Snyk, a leader in developer security, today announced that AWS has integrated Snyk Security Intelligence into a new, significantly enhanced Amazon Inspector, empowering both developer and security teams with trusted data and actionable insights to better help them build secure software.
Amazon Inspector is an automated security assessment service that helps improve the security and compliance of applications deployed on Amazon Web Services (AWS). Once enabled, Amazon Inspector automatically discovers all running Amazon Elastic Compute Cloud (Amazon EC2) instances as well as container images residing in the Amazon Elastic Container Registry (Amazon ECR), and continuously assesses for software vulnerabilities and unintended network accessibility due to misconfigurations of application workloads running on AWS. Amazon Inspector generates security findings that are aggregated in an improved Amazon Inspector console as well as pushed to AWS Security Hub and Amazon EventBridge, allowing customers to further automate remediation workflows.
Snyk Security Intelligence is an important source of vulnerability intelligence for the new Amazon Inspector, helping developer and security teams improve the accuracy of transient dependency vulnerabilities by enriching Inspector findings, and helping practitioners prioritize the management of security issues to avoid impacting their production workloads. From the Amazon Inspector user interface (UI), users can easily click through to the corresponding Snyk vulnerability page to find out more about the software vulnerabilities identified by the service.
Maintained with hand-curated content and enriched meta-data, Snyk Security Intelligence identifies vulnerable functions as well as known exploit maturity, with a Common Vulnerability Scoring System (CVSS) score and vector assigned to 100% of vulnerabilities. Snyk’s proprietary research, combined with community-powered databases, such as rubysec, friends of php, rustsec, and various others, allows Snyk to discover and disclose new vulnerabilities in the open source ecosystem in a timely and accurate manner, and helps users prioritize vulnerability remediation based on accurate data and a low false-positives ratio.
Also Read: Top Three Security Considerations When Migrating to the Public Cloud
Key Customer Benefits
- Consolidate Amazon EC2 and container vulnerability management with a highly scalable service that is enabled in just a few clicks.
- Optimize remediation efforts with extremely low false-positive rates thanks to Snyk Security Intelligence’s deep and continuous quality controls.
- Leverage Snyk’s actionable, hand-curated data to reduce mean time to resolve (MTTR) vulnerabilities.
- When using the Snyk Developer Security Platform, ensure a uniform and superior source of vulnerability data across AWS’ security (Amazon Inspector) as well as developer tools (AWS CodeSuite, Amazon ECR, Amazon Elastic Kubernetes Service (Amazon EKS) and AWS Lambda).

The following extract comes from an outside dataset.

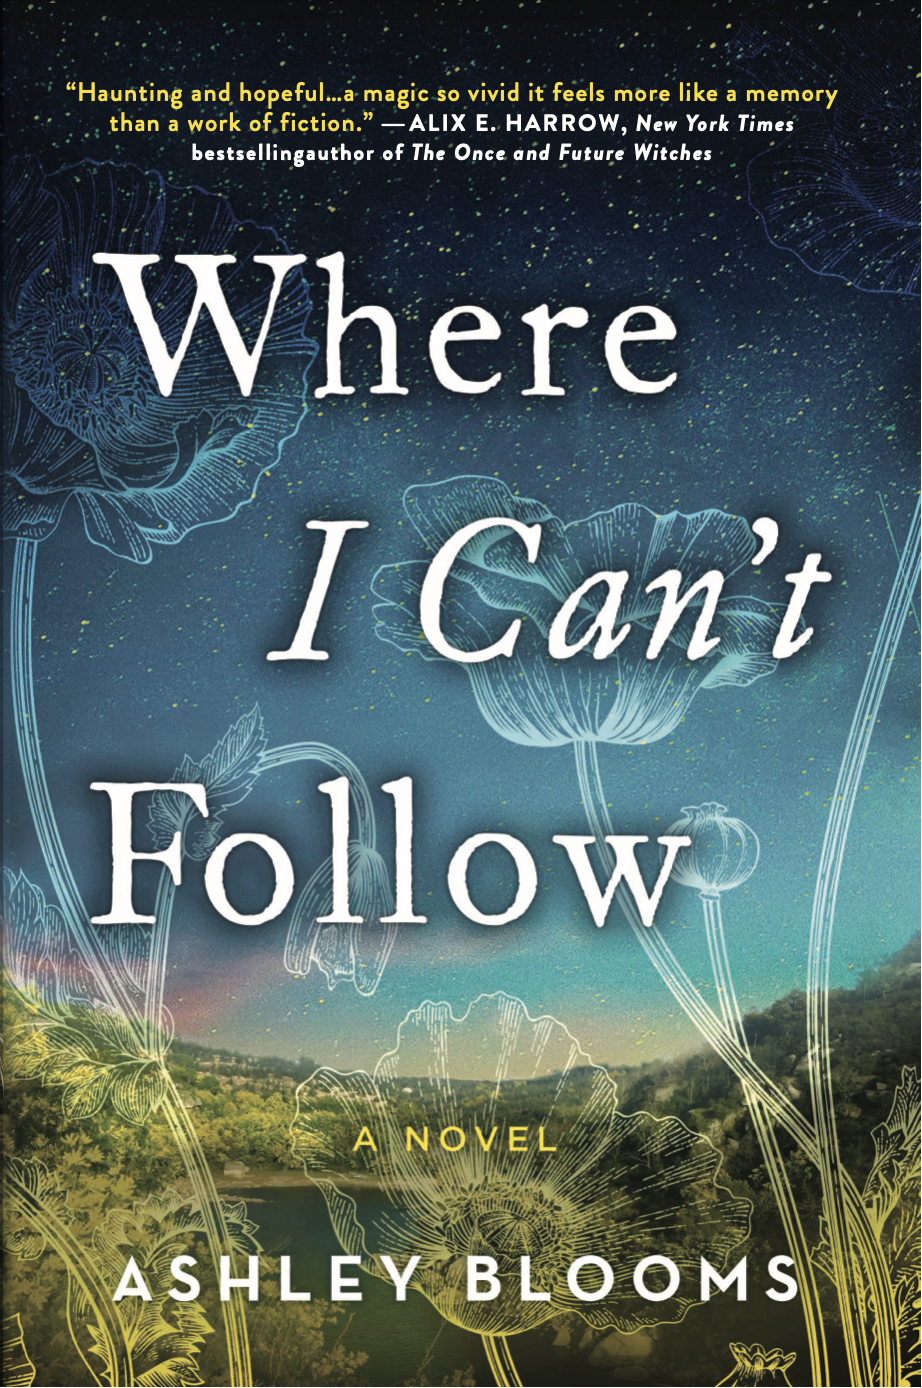 Where I Can't Follow by Ashley Blooms

“Like AWS, Snyk is committed to helping more global organizations to accelerate their digital transformation, fueling innovation in a secure way,” said Carey Stanton, Vice President, Global Business and Corporate Development at Snyk. “We’re proud to be part of the new Amazon Inspector and are committed to continuing to deepen our work with AWS, ensuring that all development teams worldwide have the right tools to build software securely.”

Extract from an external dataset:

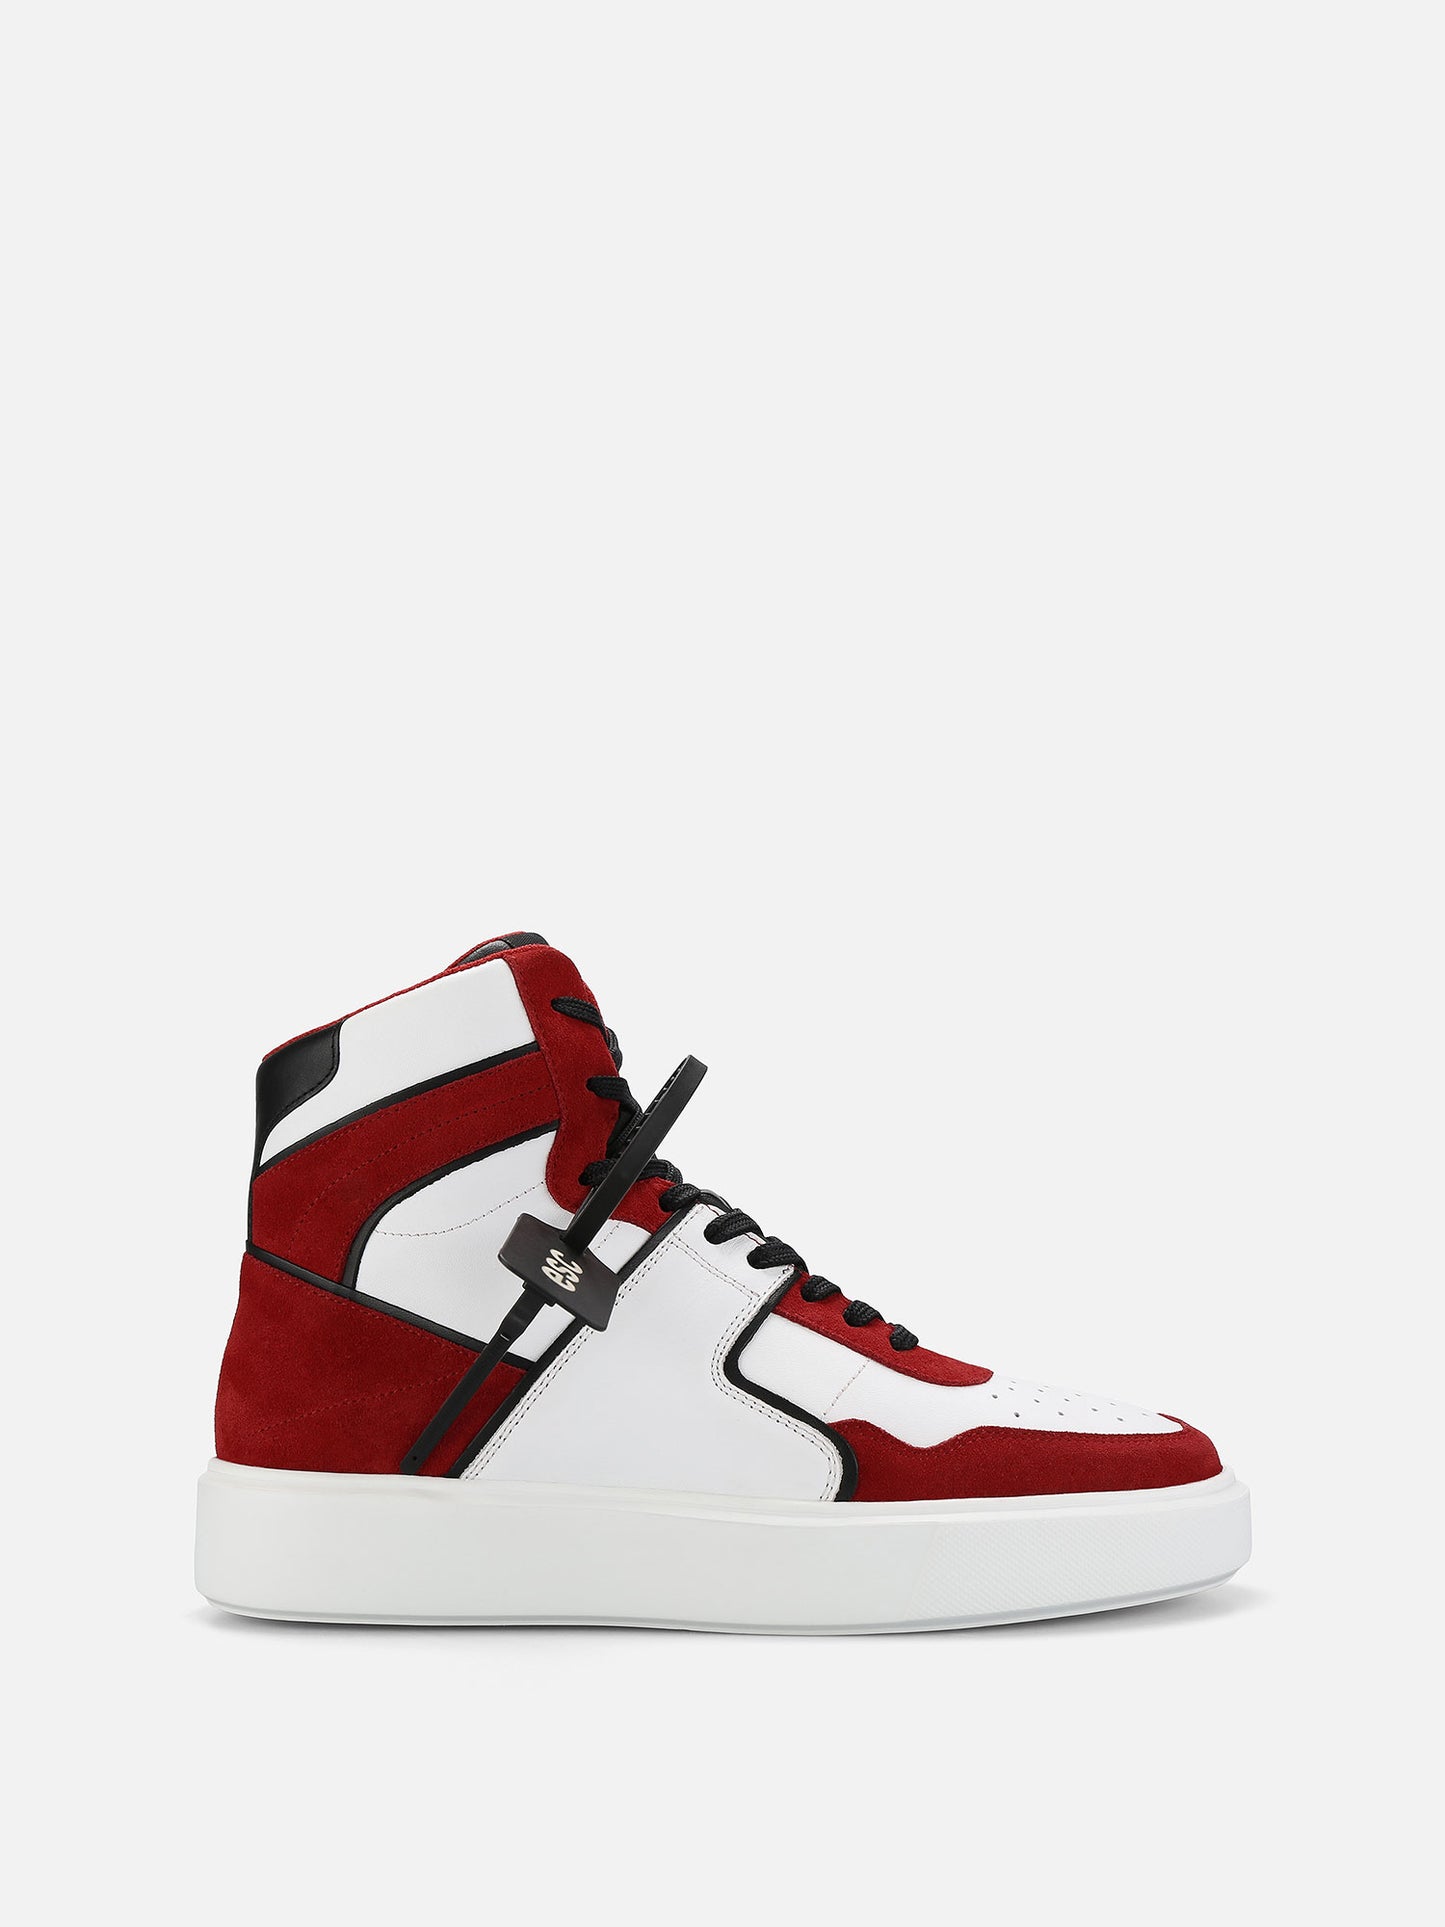 BRYANT Leather Retro Sneakers - Red

“Cloud native development has become a critical advantage to organizations looking to deliver modern products to market more efficiently,” said Michael Fuller, Director, Product Management, AWS Security Services at AWS. “By bringing Snyk’s vulnerability insights into the new Amazon Inspector, we’re enabling security teams to leverage truly comprehensive, contextual vulnerability information that helps prioritize the most severe vulnerabilities first and further empowers agile software development on AWS.”
“We didn’t trust the security coverage (provided by other evaluated solutions) was comprehensive enough, which later compared to Snyk was indeed clear,” said Leif Dreizler, Security Engineering Manager at Segment. “When the eslint-scope vulnerability came out, it was easy to find which repositories were vulnerable, allowing us to upgrade or remove the dependency.”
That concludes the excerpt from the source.